» **Problem**:
In the data below, locate the line containing "Cash on delivery" and the line containing "Nike Dunk Low", then retype both and everything between them exactly. Pictures are not part of the copy.

» **Listed records**:
┏━━

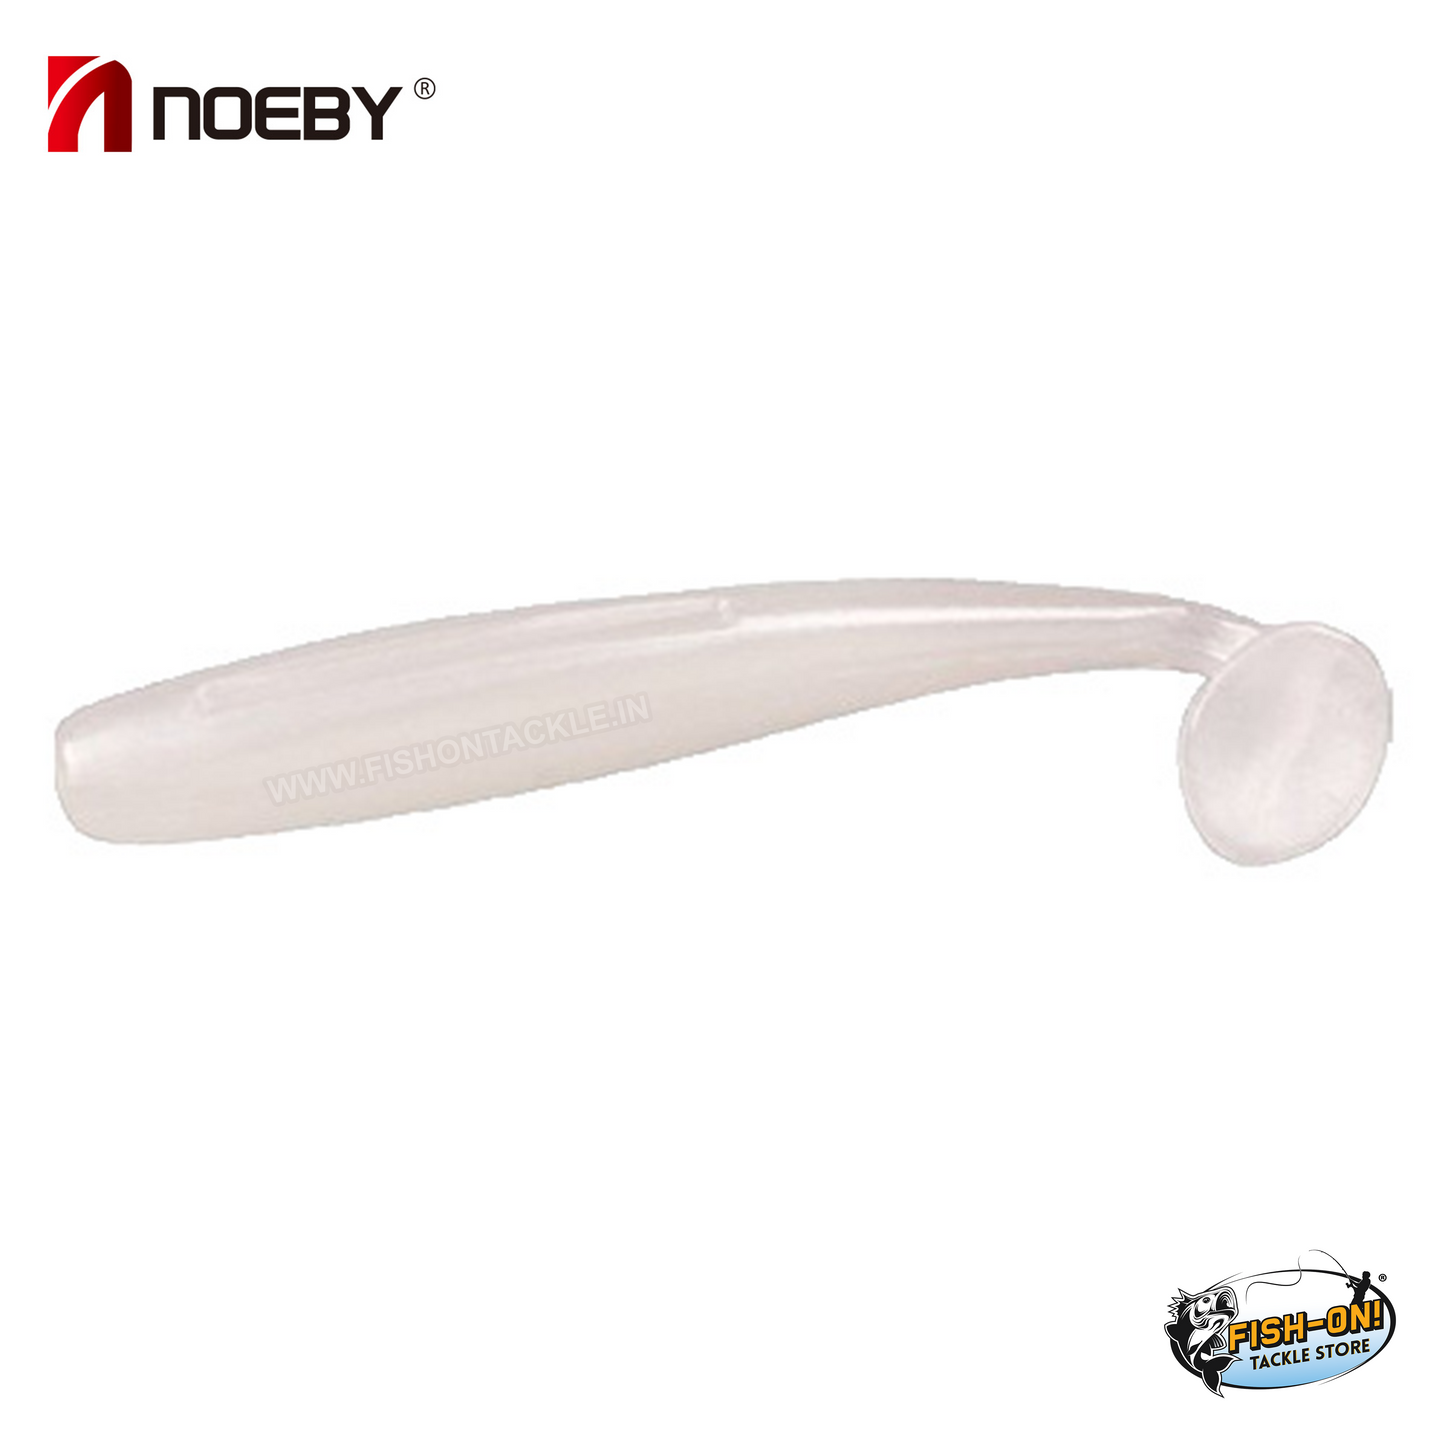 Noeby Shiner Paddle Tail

┗━━
┏━━

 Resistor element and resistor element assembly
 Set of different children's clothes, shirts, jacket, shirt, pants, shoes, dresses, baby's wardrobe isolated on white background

┗━━
┏━━

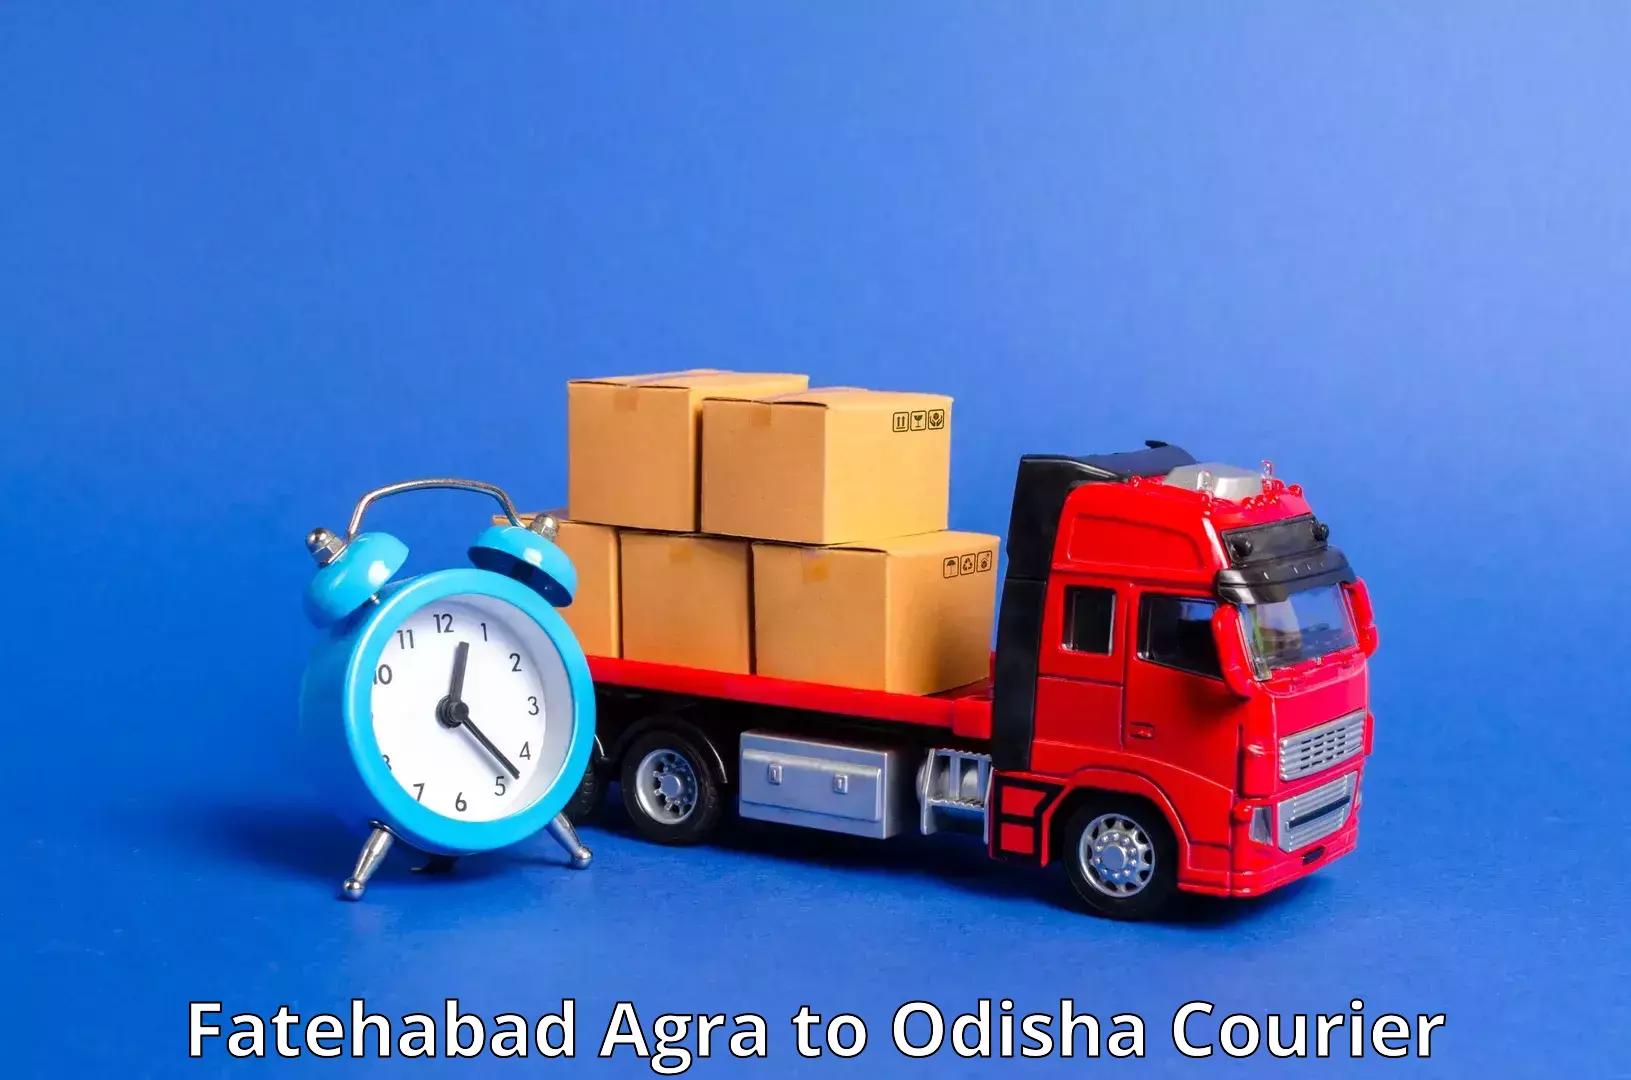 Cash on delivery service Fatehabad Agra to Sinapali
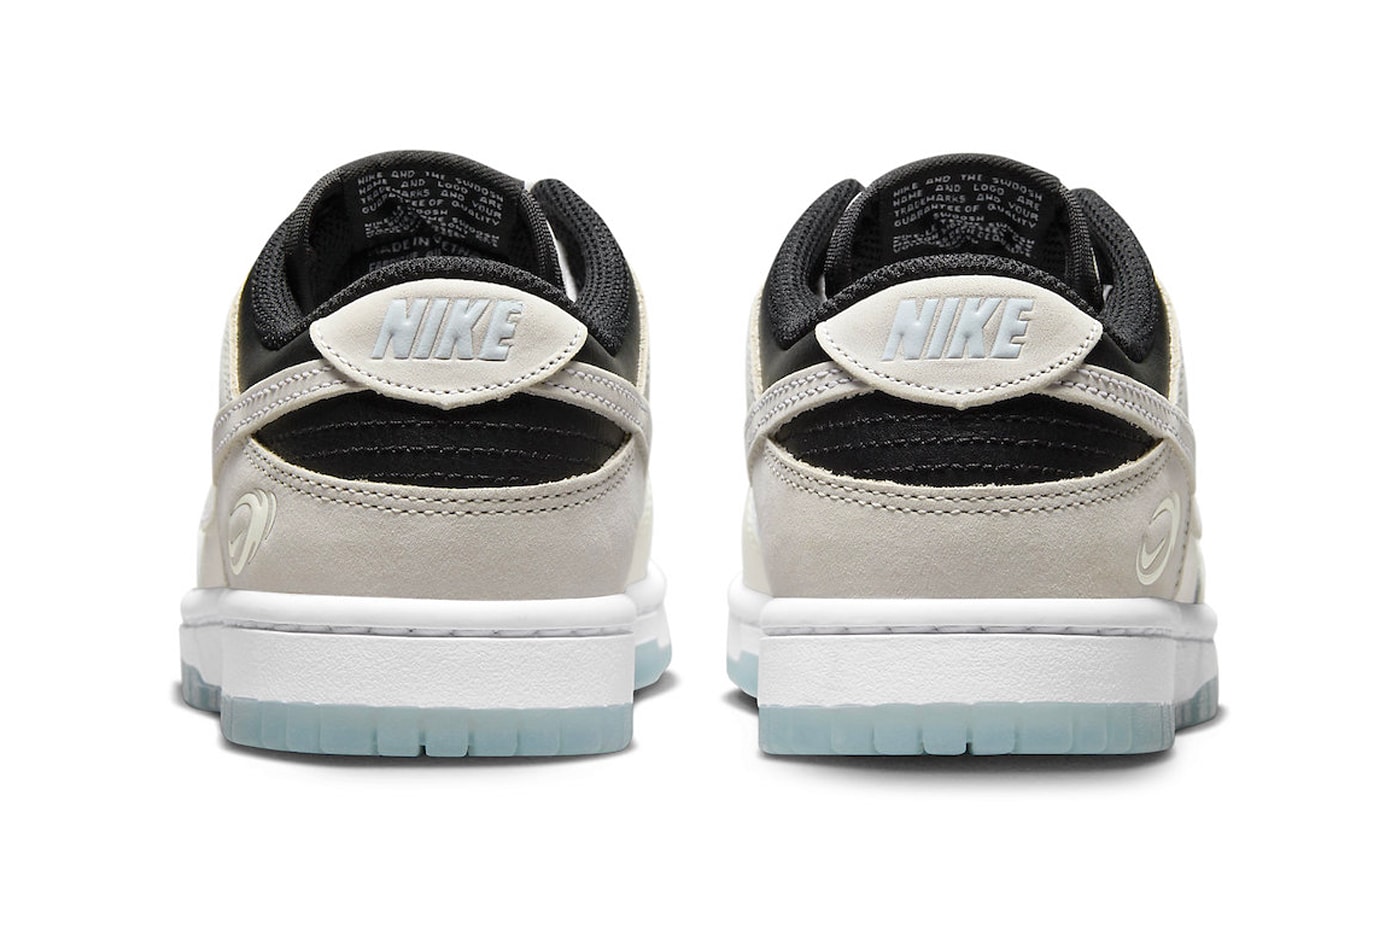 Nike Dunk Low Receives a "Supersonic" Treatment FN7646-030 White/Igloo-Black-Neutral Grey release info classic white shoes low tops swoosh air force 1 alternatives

┗━━

» **Solution below**:
 Cash on delivery service Fatehabad Agra to Sinapali
 Nike Dunk Low Receives a "Supersonic" Treatment FN7646-030 White/Igloo-Black-Neutral Grey release info classic white shoes low tops swoosh air force 1 alternatives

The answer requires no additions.